Suku Bangsa Akit (Riau)

Orang Akit telah bermukim di daerah ini sejak waktu lampau. Keberadaan mereka dibuktikan dengan adanya catatan sejarah yang menyebutkan bahwa mereka pernah menjalin hubungan dengan Kesultanan Siak dalam menghadapi perlawanan pasukan dari Eropa. Pasukan Belanda yang mencoba menanamkan pengaruhnya di daerah ini tercatat mengalami beberapa perlawanan dari orang Akit. Pasukan Akit dikenal dengan senjata tradisional berupa panah beracun dan sejenis senjata sumpit yang ditiup.
Mata pencaharian pokok orang Akit adalah menangkap ikan, mengumpulkan hasil hutan, berburu binatang, dan meramu sagu. Orang Akit tidak mengenal sistem perladangan secara menetap. Pengambilan hasil hutan yang ada di tepi-tepi pantai biasanya disesuaikan dengan jumlah kebutuhan. Penangkapan ikan atau binatang laut lainnya mereka lakukan dengan cara sederhana, misalnya dengan memasang perangkap ikan (bubu). Hasil meramu sagi biasanya dapat memenuhi kebutuhan akan sagu selama beberapa bulan.
Hubungan orang Akit dengan masyarakat lain di sekitarnya boleh dikatakan sangat jarang. Hal ini didukung oleh kecenderungan mereka untuk mempertahankan identitas mereka. Beberapa waktu lampau mereka memang masih sering digolongkan sebagai “suku bangsa terasing”. Penduduk di sekitarnya banyak yang kurang berkenan menjalin hubungan dengan mereka, karena orang Akit dipercaya memiliki pengetahuan tentang ilmu hitam dan obat-obatan yang dapat membahayakan. Kesulitan menjalin hubungan yang disebabkan karena seringnya mereka berpindah-pindah. Pemerintah dan beberapa kalangan sudah mencoba meningkatkan taraf hidup mereka, antara lain, dengan mendirikan pemukiman tetap dan mengajarkan cara-cara bercocok tanam dengan teknik pertanian modern.

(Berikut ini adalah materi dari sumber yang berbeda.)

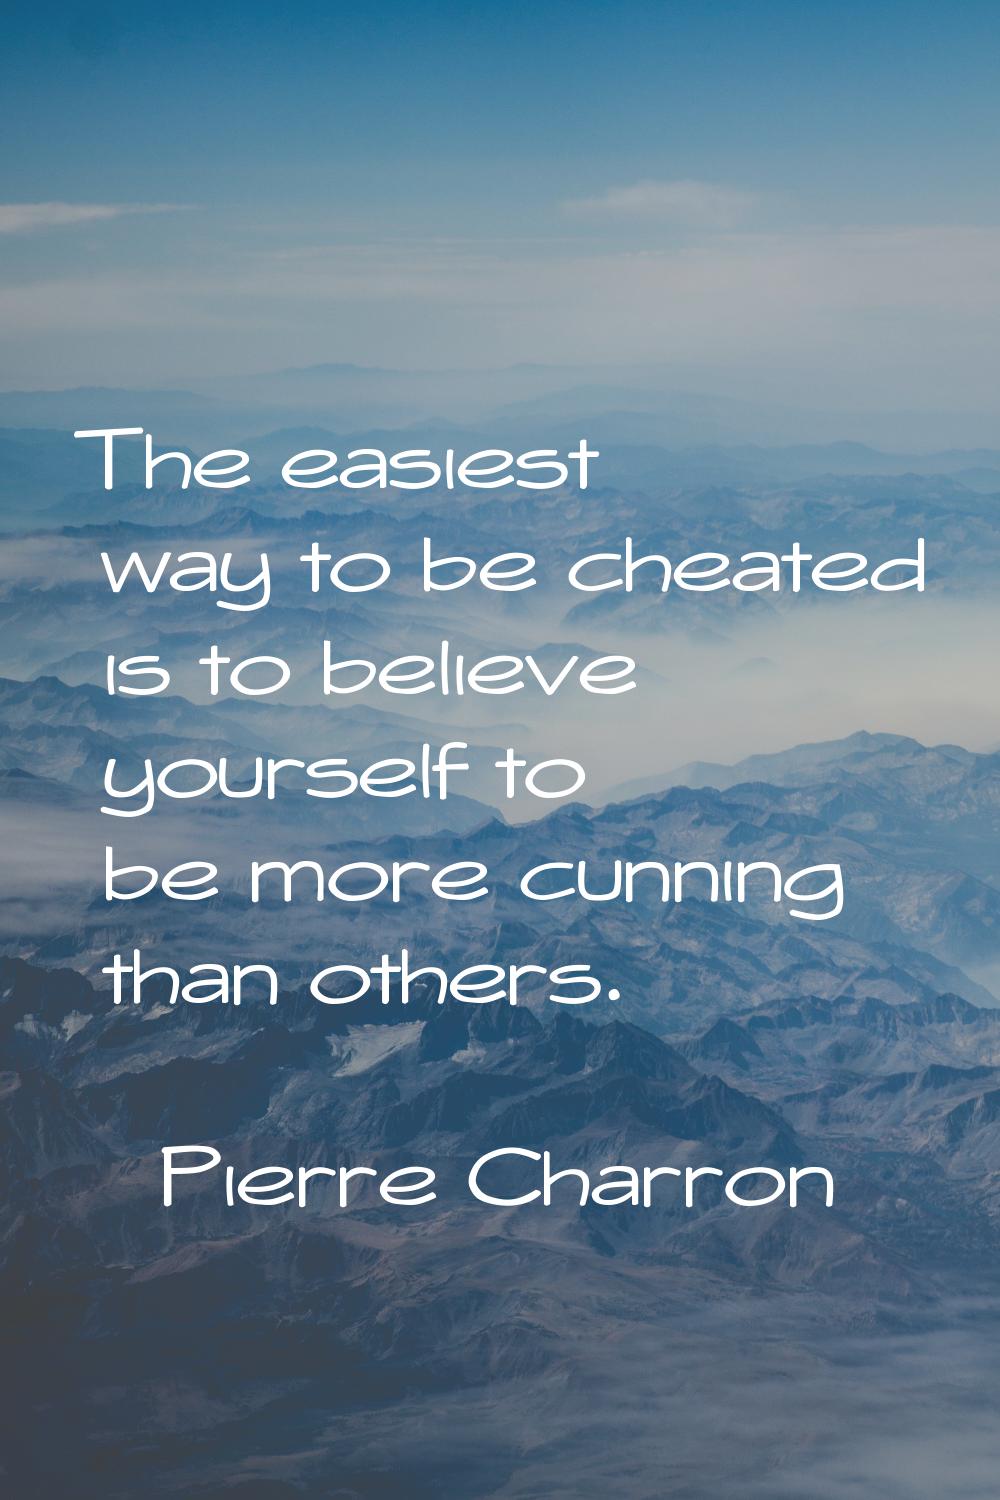 The easiest way to be cheated is to believe yourself to be more cunning than others.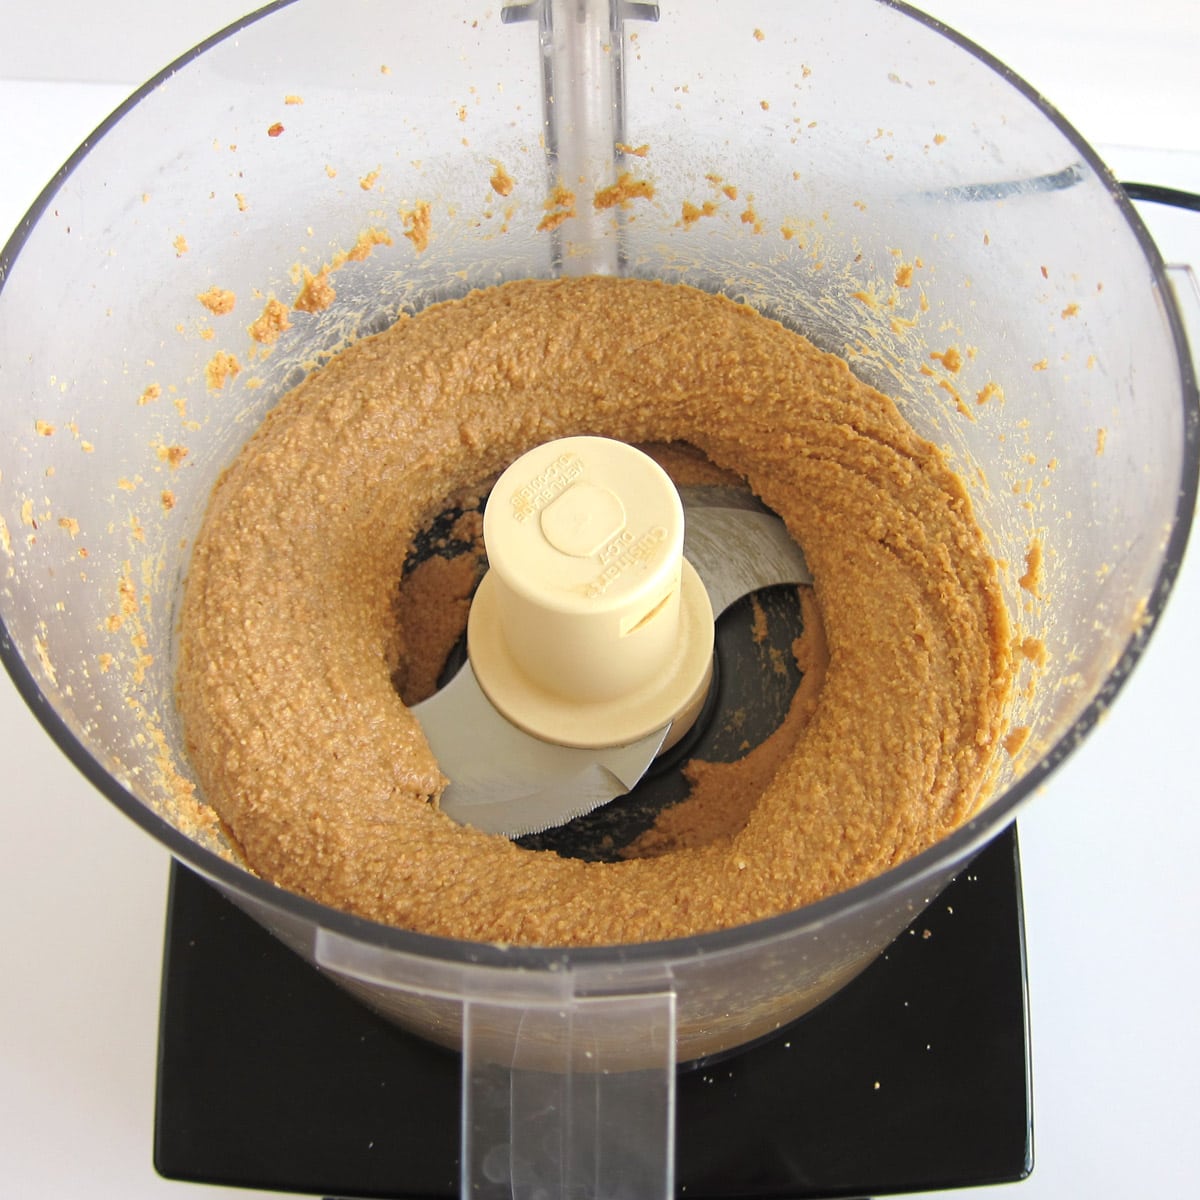 chunky peanut butter made in a food processor.

Sistem kekerabatannya bersifat patrilineal. Seorang gadis telah dapat dinikahkah bila usianya telah mencapai 15 tahun. Adat menetap sesudah nikah menentukan bahwa seorang isteri mengikuti suaminya di kediaman baru atau di sekitar kediaman kerabat suaminya. Upacara pernikahan biasanya ditandai dengan hidangan berupa daging babi dan sejenis tuak dari pohon nira serta acara menyanyi dan menari.
Komunikasi dengan masyarakat di sekitarnya biasanya dilakukan dengan menggunakan bahasa Melayu. Walaupun sudah mengenal agama-agama besar, seperti Islam dan Kristen, sebagian besar dari mereka masih menganut kepercayaan animistik. Pengaruh agama Budha mereka terima dari kalangan pedagang-pedagang Cina yang banyak datang dan menetap ke daerah ini.
Sumber:
Melalatoa, J. 1995. Ensiklopedi Sukubangsa di Indonesia. Jilid A--K. Jakarta: Departemen Pendidikan dan Kebudayaan.